Dadaocheng

historytradecultureneighborhoodsTaiwan
4 min read

In 1851, a merchant from Keelung named Lin Lan-tian opened three shops in an area along the Tamsui River that most people in Taipei considered peripheral. The neighborhood had no official name yet -- locals called it Tuā-tiū-tiânn in Taiwanese Hokkien, a phrase that roughly translates to "big open drying ground." Within two decades, five British trading firms had set up operations there, and the area had become the tea export capital of northern Taiwan. Dadaocheng did not grow into Taipei's commercial center. It was Taipei's commercial center before Taipei fully existed.

Tea, Conflict, and the Rise of a Port

Dadaocheng's growth was accelerated by violence elsewhere. In 1853, a major conflict in nearby Wanhua drove an influx of displaced merchants and settlers northward along the riverbank. They arrived in a district already positioned for trade -- the Tamsui River connected Dadaocheng to the sea, and the mid-19th century tea boom was creating fortunes. By 1867, foreign traders had entered the market. Within five years, five British firms operated out of Twatutia, as Westerners spelled the name, transforming the district into an international commercial hub. When Taiwan's first railroad station was completed in Dadaocheng in October 1891, linking the neighborhood to Keelung, the district's position as the island's economic nerve center was secure.

Colonial Layers

Japanese colonial rule reshaped Dadaocheng without destroying it. The neighborhood became Daitōtei, the second most populous settlement in Taiwan after Tainan, with a population of thirty to forty thousand. European settlers clustered along the Tamsui River waterfront. The Japanese built one of Taiwan's first movie theaters here -- the Eraku-za, whose interior mimicked the Imperial Theater in Tokyo and included a cafe, a gymnasium, and dressing rooms. The district also served as a venue for the 1935 Taiwan Exposition, a colonial-era showcase marking forty years of Japanese rule. A branch rail line from Taipei to Tamsui opened in 1901 with a stop at Daitotei Station, though it closed to passenger service by 1916 and shut down entirely by 1937, a casualty of the automobile age.

The Street That Remembers Everything

After World War II, the most famous street in Dadaocheng was renamed Dihua Street -- a reference to the city then known as Dihua, now Urumqi in Xinjiang. The renaming was part of a broader pattern of the Republic of China government stamping mainland geography onto Taiwan's urban landscape. But the street's character proved more durable than its name. Dihua Street is the oldest street in Taipei, with sections dating to the Dutch colonial period in the 1600s, and it remains the center of the dried goods trade that has defined the neighborhood for generations. In the weeks before Lunar New Year, 750,000 people crowd the narrow street to buy ingredients for the holiday. Shops that have operated here for decades sell medicinal herbs, dried seafood, fabrics, and the incense materials that keep the neighborhood's temples fragrant.

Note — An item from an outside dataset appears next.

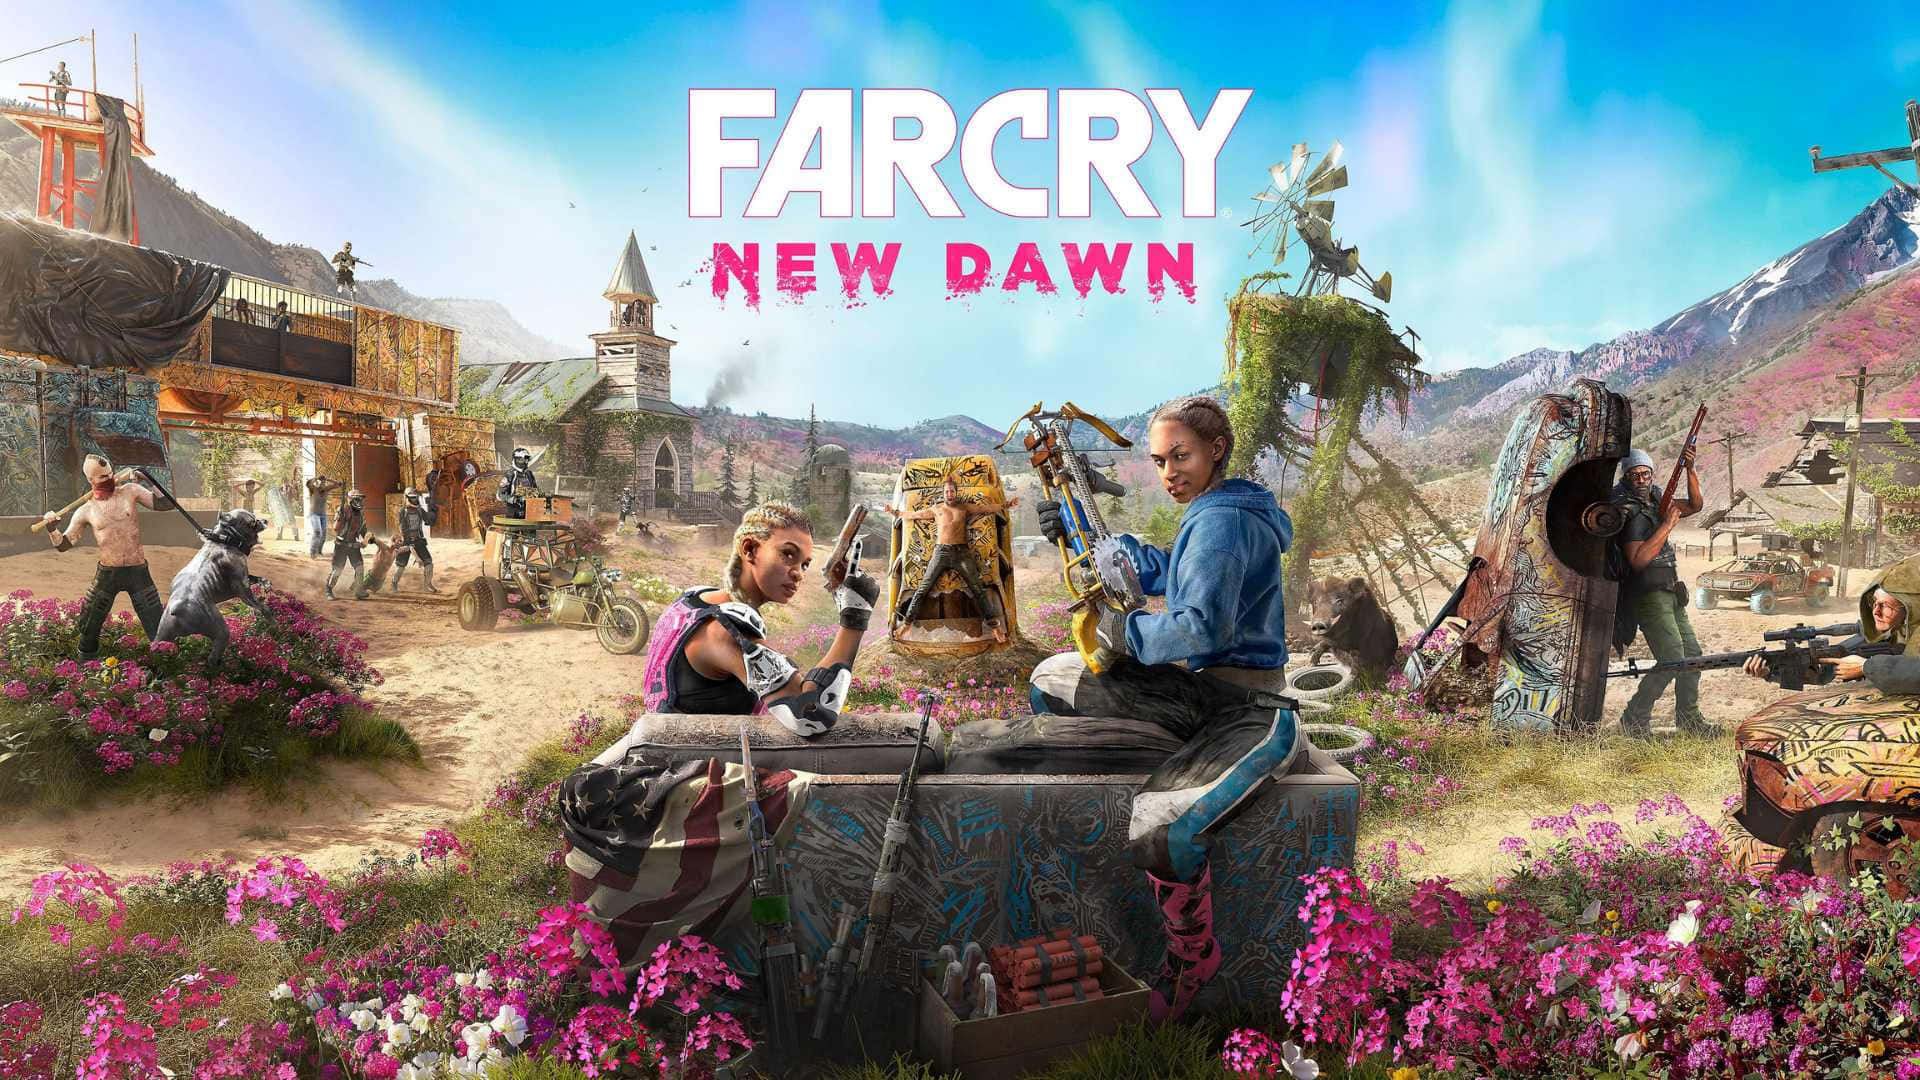 Farcry New Dawn - Dator - Dator - Dator - Dator - Dator
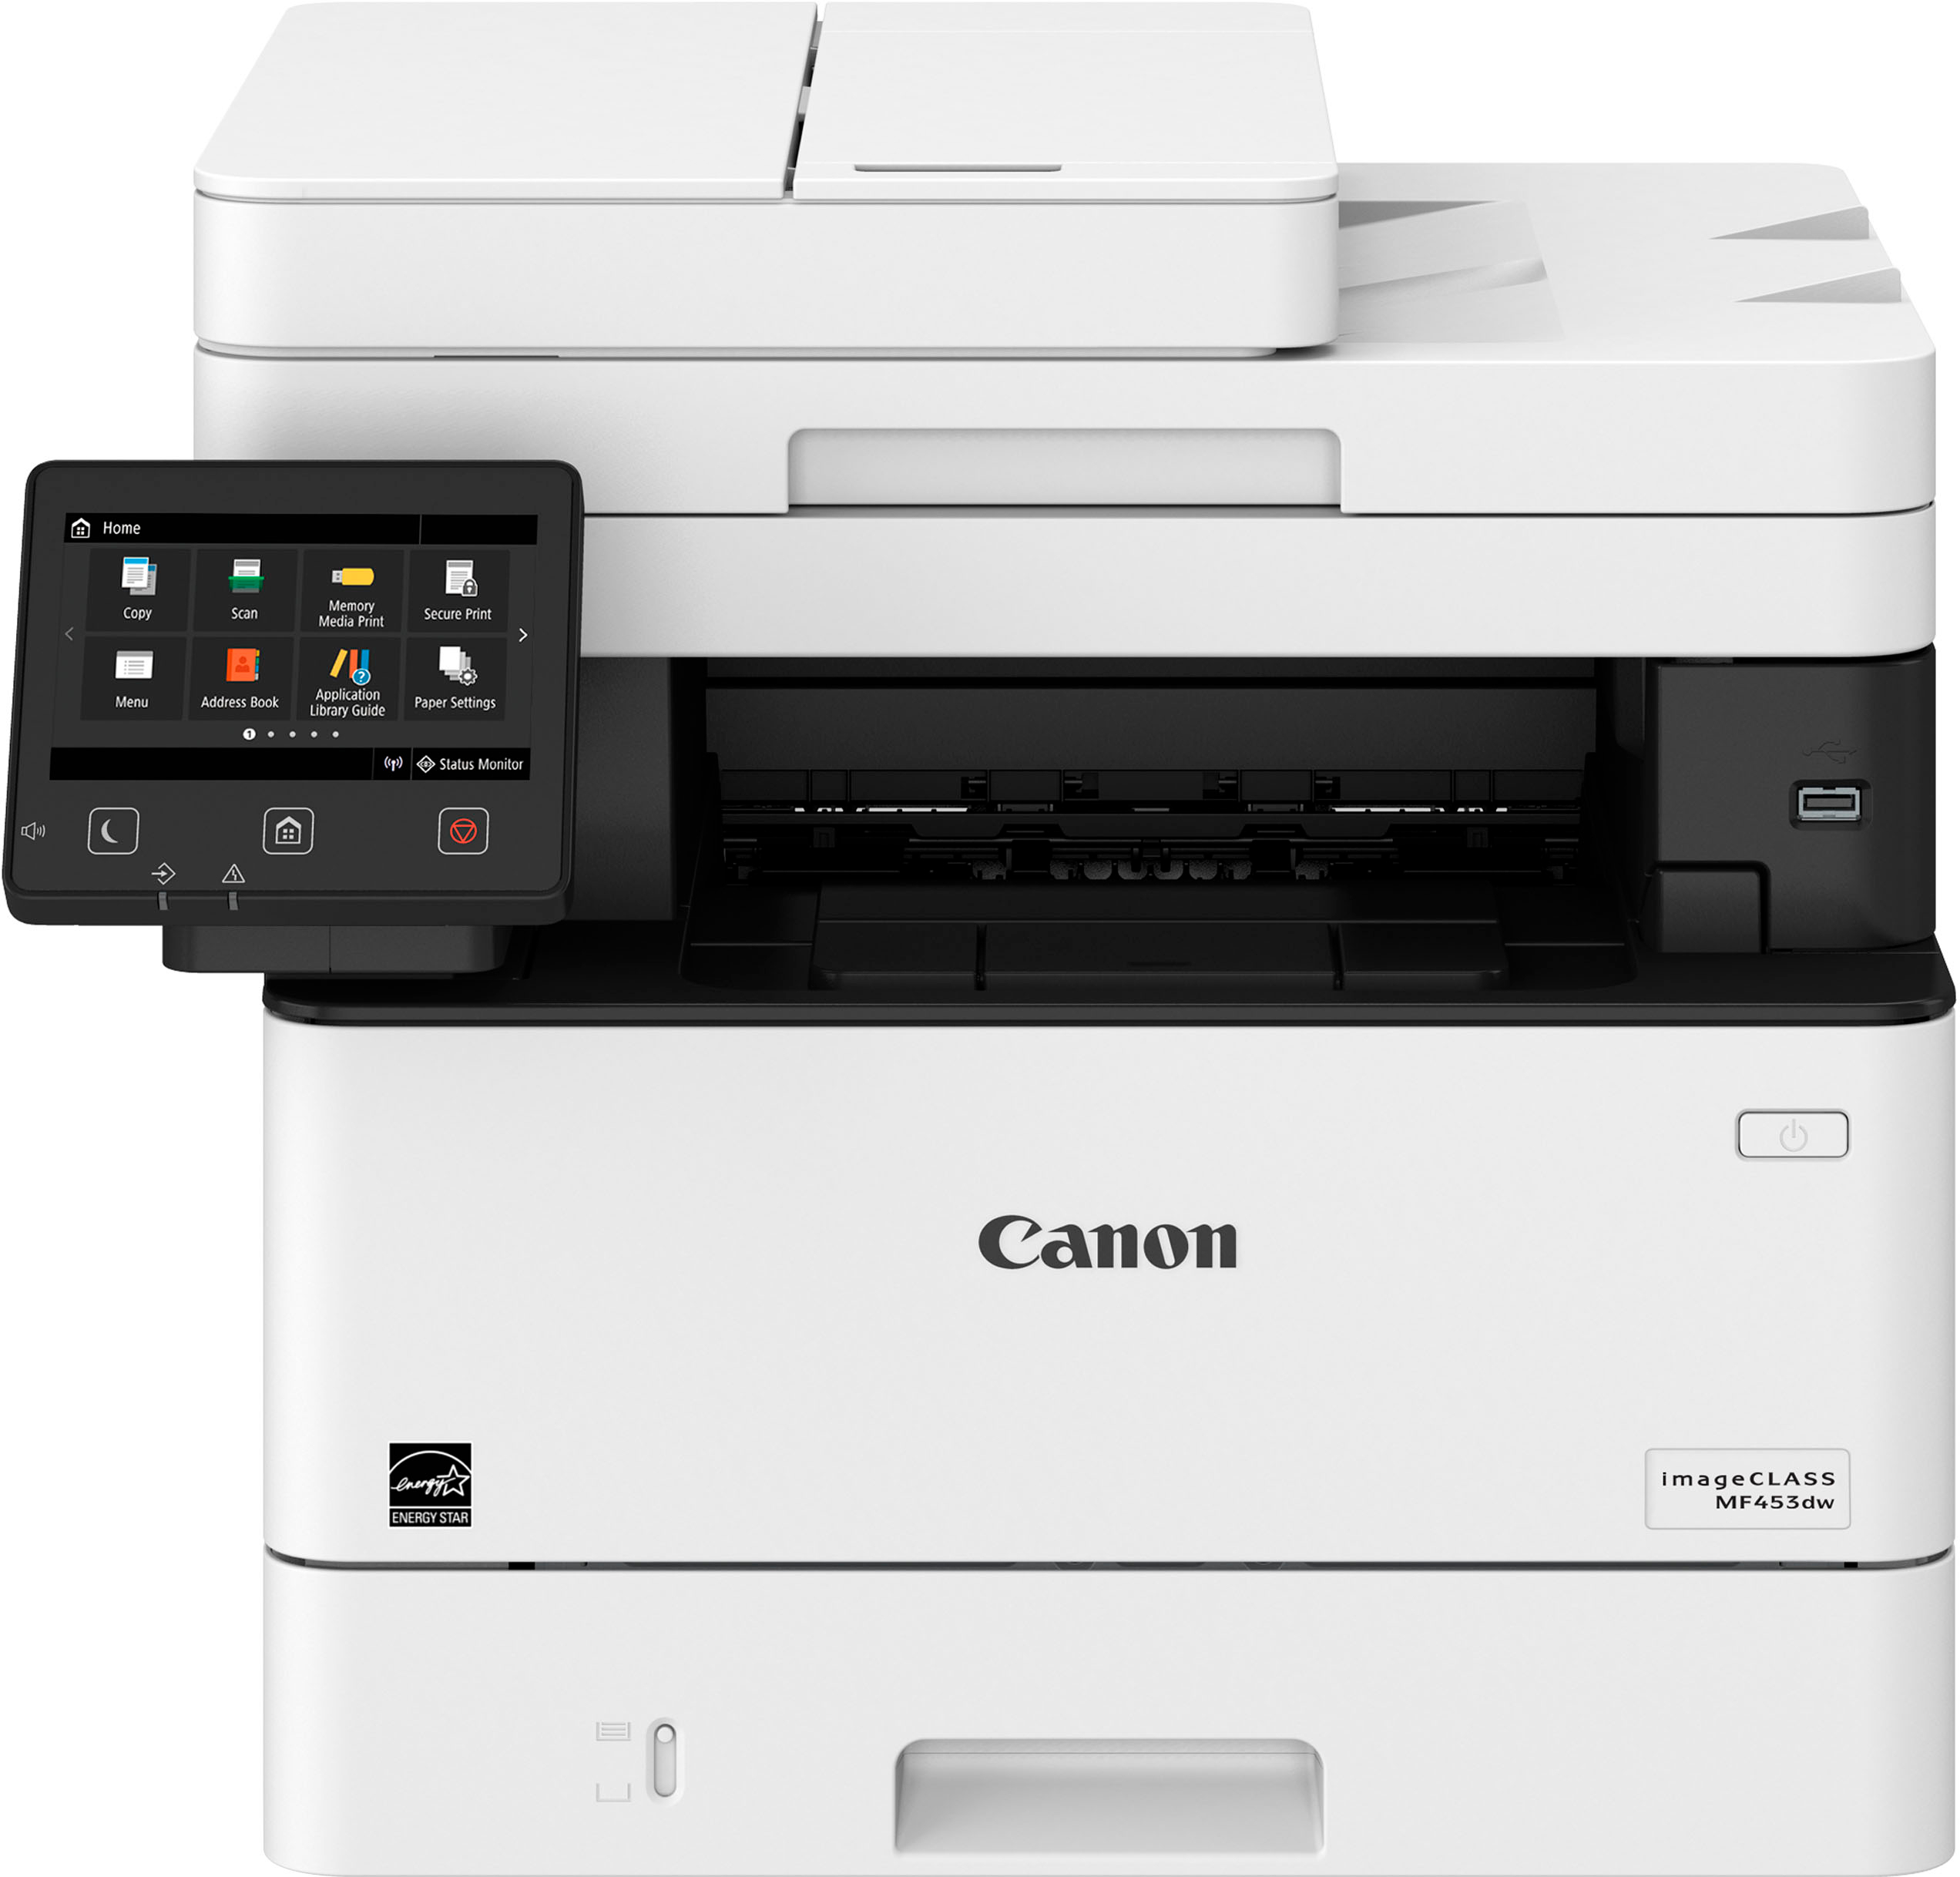 Karakteriseren bord afdrijven Canon imageClass MF453dw Wireless Black-and-White All-In-One Laser Printer  White 5161C011 - Best Buy

Gods and Ghosts of February

Dadaocheng carries heavier memories too. The neighborhood was the epicenter of the February 28 Incident of 1947, a mass uprising against the Kuomintang government that was brutally suppressed and resulted in the deaths of thousands of Taiwanese civilians. The event was officially taboo for decades under martial law, but Dadaocheng's residents never forgot. The Taipei Xia-Hai City God Temple on Dihua Street, dedicated to the Cheng Huang deity, hosts an annual festival on the 13th day of the fifth lunar month that draws enormous crowds -- a celebration of continuity in a district whose history includes both prosperity and trauma. Dadaocheng's streets still carry the layered names of their successive rulers: Hokkien underneath, Japanese overlaid, Mandarin on top. The buildings tell the same story in brick.

From the Air

Coordinates: 25.057N, 121.512E. Dadaocheng sits along the western bank of the Tamsui River in Taipei's Datong District. From altitude, look for the dense, low-rise historic district contrasting with modern high-rises along the river. Dihua Street runs roughly north-south through the neighborhood. Nearby airport: RCSS (Taipei Songshan Airport, ~5 km east). Best viewed at 2,000-4,000 feet. The Tamsui River provides a clear geographic reference.